YOLOv4 - Quick setup with conda and GPU training

Last updated at 2022-09-13Posted at 2022-04-28

Dependencies only installed in conda environment - no system wide CUDA-Toolkit installation

日本語版 (Japanese Version)

Preface

I wanted to train a YOLOv4 model for fast object detection on an edge device and looked for the official YOLOv4 repository which is a fork from the YOLOv3 Darknet repository.
Darknet is a neural network framework written in C and CUDA. The setup for GPU is not explicitly guided but linked to the official OpenCV and CUDA-Toolkit websites which mainly provide setup guides for system-wide installation of OpenCV and CUDA-Toolkit. Because I use several neural network frameworks (e.g. Pytorch, Tensorflow 1 and 2), I seperate the setup on my PC in environments using Anaconda to avoid system wide installations which can cause version conflicts. The uninstallation of system wide installed packages are not unified - especially if not installed with package manager - and you need to invest time for correct cleanup afterwards. I could not find any guide about setting up Darknet for GPU training with conda environment, I decided to write this guide in order to help people, who might be in the same situation.

About conda

As described on the official webpage, conda is a package, dependency and environment management tool for many programming languages. In case of python - in contrast to pip - conda allows you to install not only python libraries and their dependencies into an environment, but also dependent packages written in other languages like the CUDA-Toolkit or the cuDNN library. Because the packages are installed into an environment, that gives you the benefit to have several versions of a package separated by environments and you can switch between them. Removing the packages in conda is clean and fast without the need of uninstallation scripts. Just removing the specific environment with the following command is enough.

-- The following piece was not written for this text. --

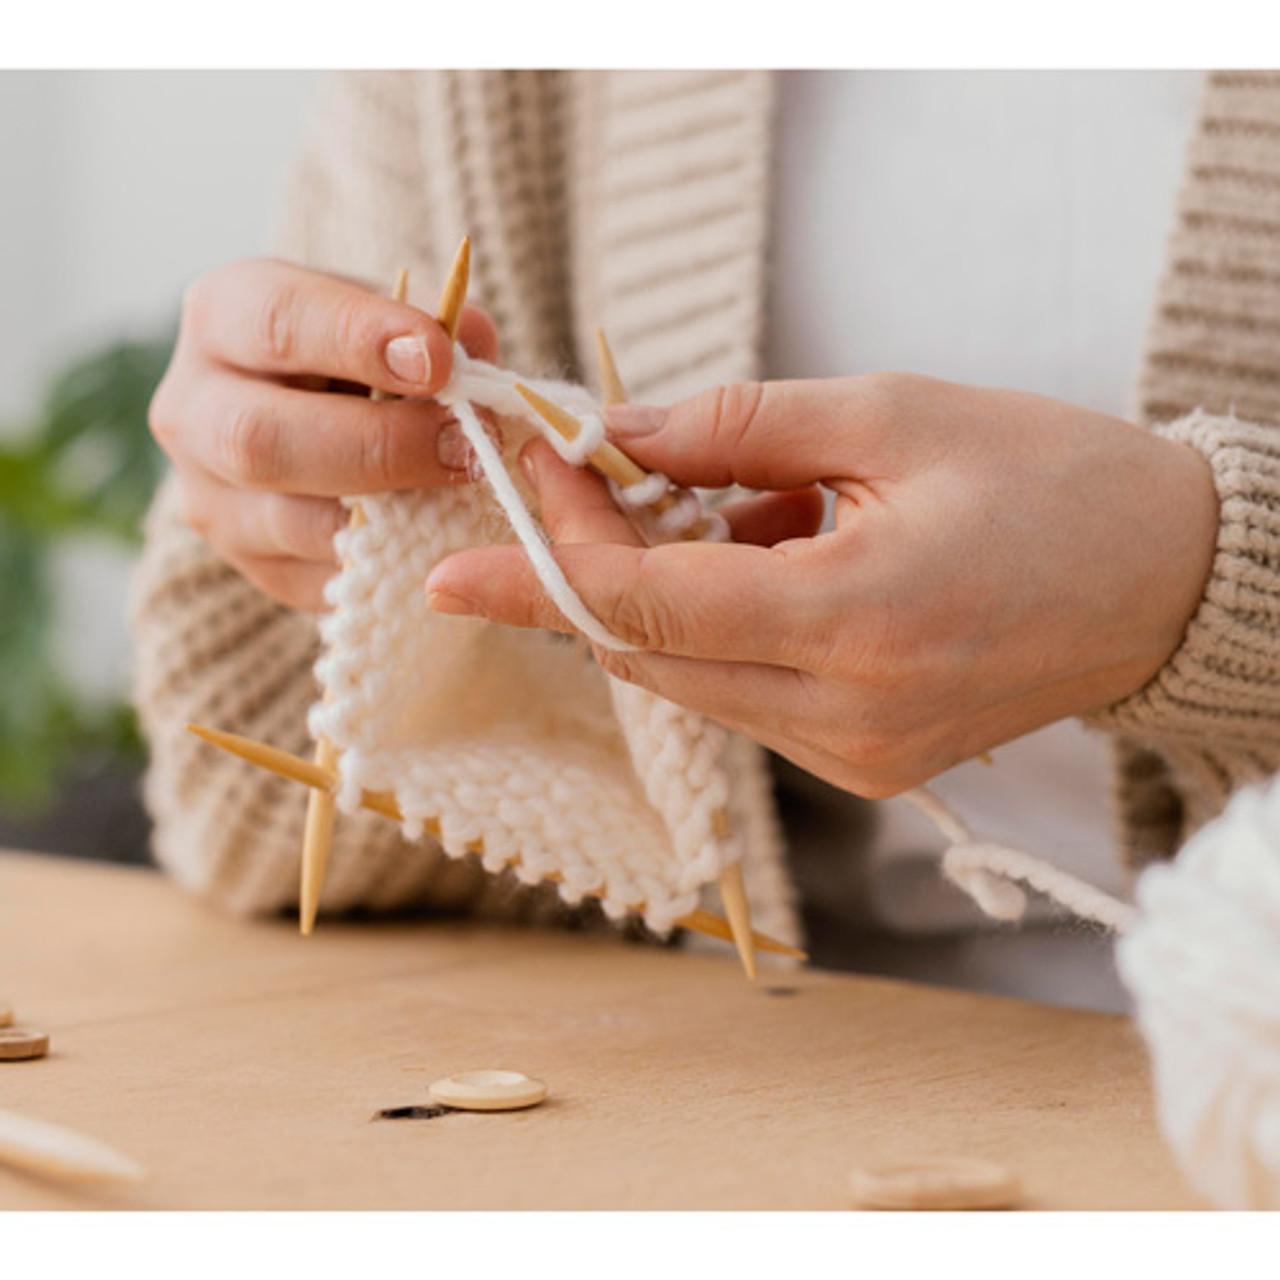 Double Point Knitting Needles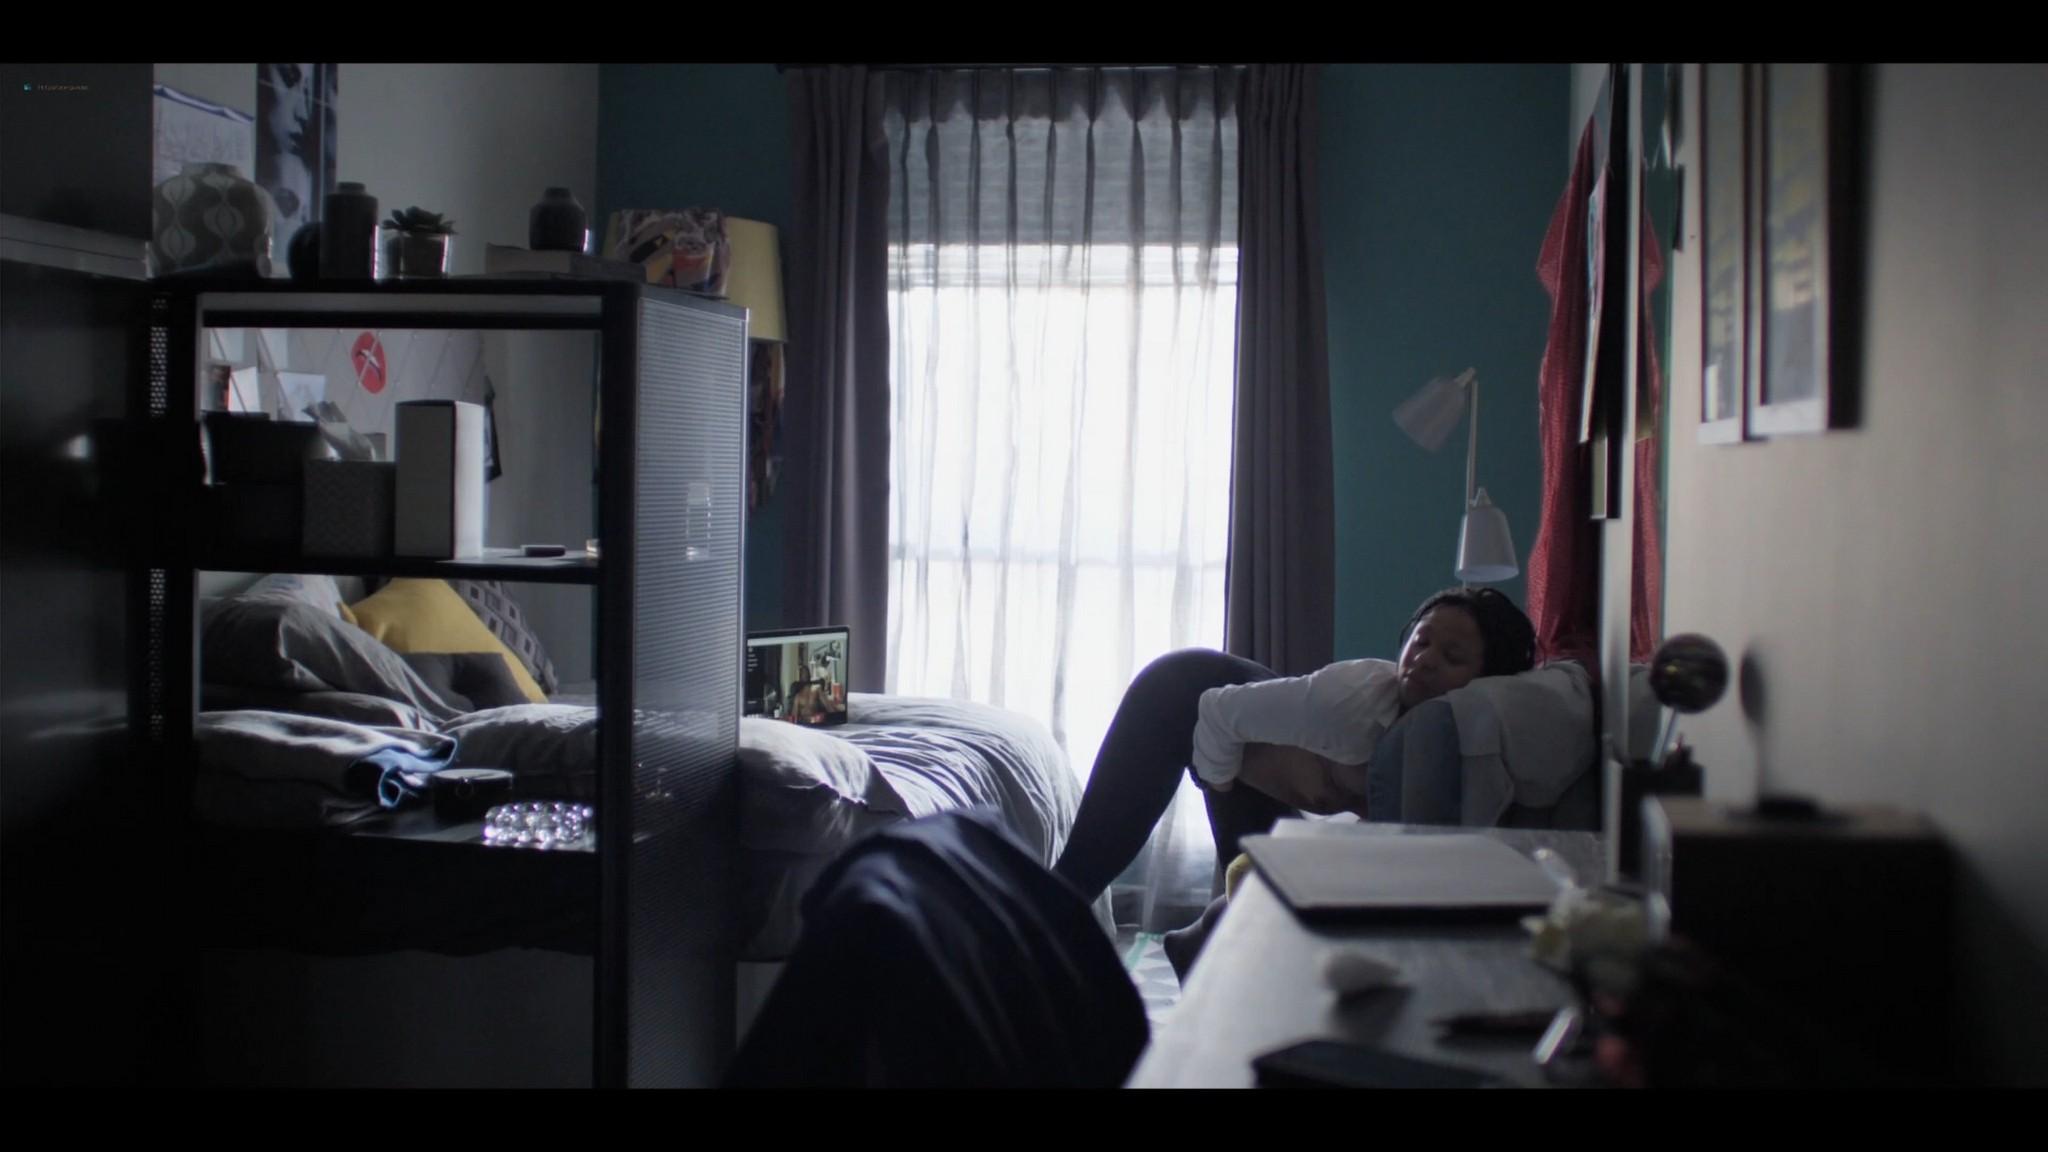 Ali Tate Cutler nude sex Myhala Herrold nude Industry 2020 s1e1 HD 1080p 004

conda env remove -n <environment_name>

Setup

I tested the setup on Ubuntu 20.04 LTS with Miniconda installed. The setup is actually quite easy and takes only 10 minutes - depending on your internet connection - and requires a minimum of 2GB for the CUDA-Toolkit and cuDNN library. The requirements for building the Darknet neural network framework contains OpenCV which we also install using conda.

Create conda environment

We create a conda environment YOLOv4_conda and install python 3.7 as well as OpenCV 3.x with the following command in the terminal.

conda create -n YOLOv4_conda python=3.7 opencv=3

We install the CUDA-Toolkit and the cuDNN library from the nvidia channel with the following terminal command as explained in the CUDA-Toolkit documentation.

conda install cuda cudnn -c nvidia -n YOLOv4_conda

The cuda package installs the CUDA-Toolkit and the NVCC (NVIDIA CUDA Compiler) to build the Darknet CUDA code to run on GPU.

There is a cuda-toolkit package available as well in the nvidia channel and generally used for GPU training on python based machine learning frameworks like Tensorflow or Pytorch, but this package only contains the cuda-toolkit and do NOT include the NVCC.

Finally we switch into our newly created environment.

conda activate YOLOv4_conda

Clone the Darknet YOLOv4 project

Clone and switch into the repository in the terminal.

git clone https://github.com/AlexeyAB/darknet.git
cd darknet

Check the version we cloned in the terminal for future environment setups.

git --no-pager log --oneline -1

Returns the following commit.

8a0bf84 (HEAD -> master, origin/master, origin/HEAD) various fixes (#8398)

Configure Darknet

Load the Makefile into a text editor and modify the following three parts.

Line 1-4: Enable GPU build, OpenCV and cuDNN


GPU=1
CUDNN=1
CUDNN_HALF=1
OPENCV=1

Line 27-58: Uncomment the compute capability of your GPU (e.g to train with the RTX 3090 GPU, uncomment the following)


`#` GeForce RTX 3070, 3080, 3090
ARCH= -gencode arch=compute_86,code=[sm_86,compute_86]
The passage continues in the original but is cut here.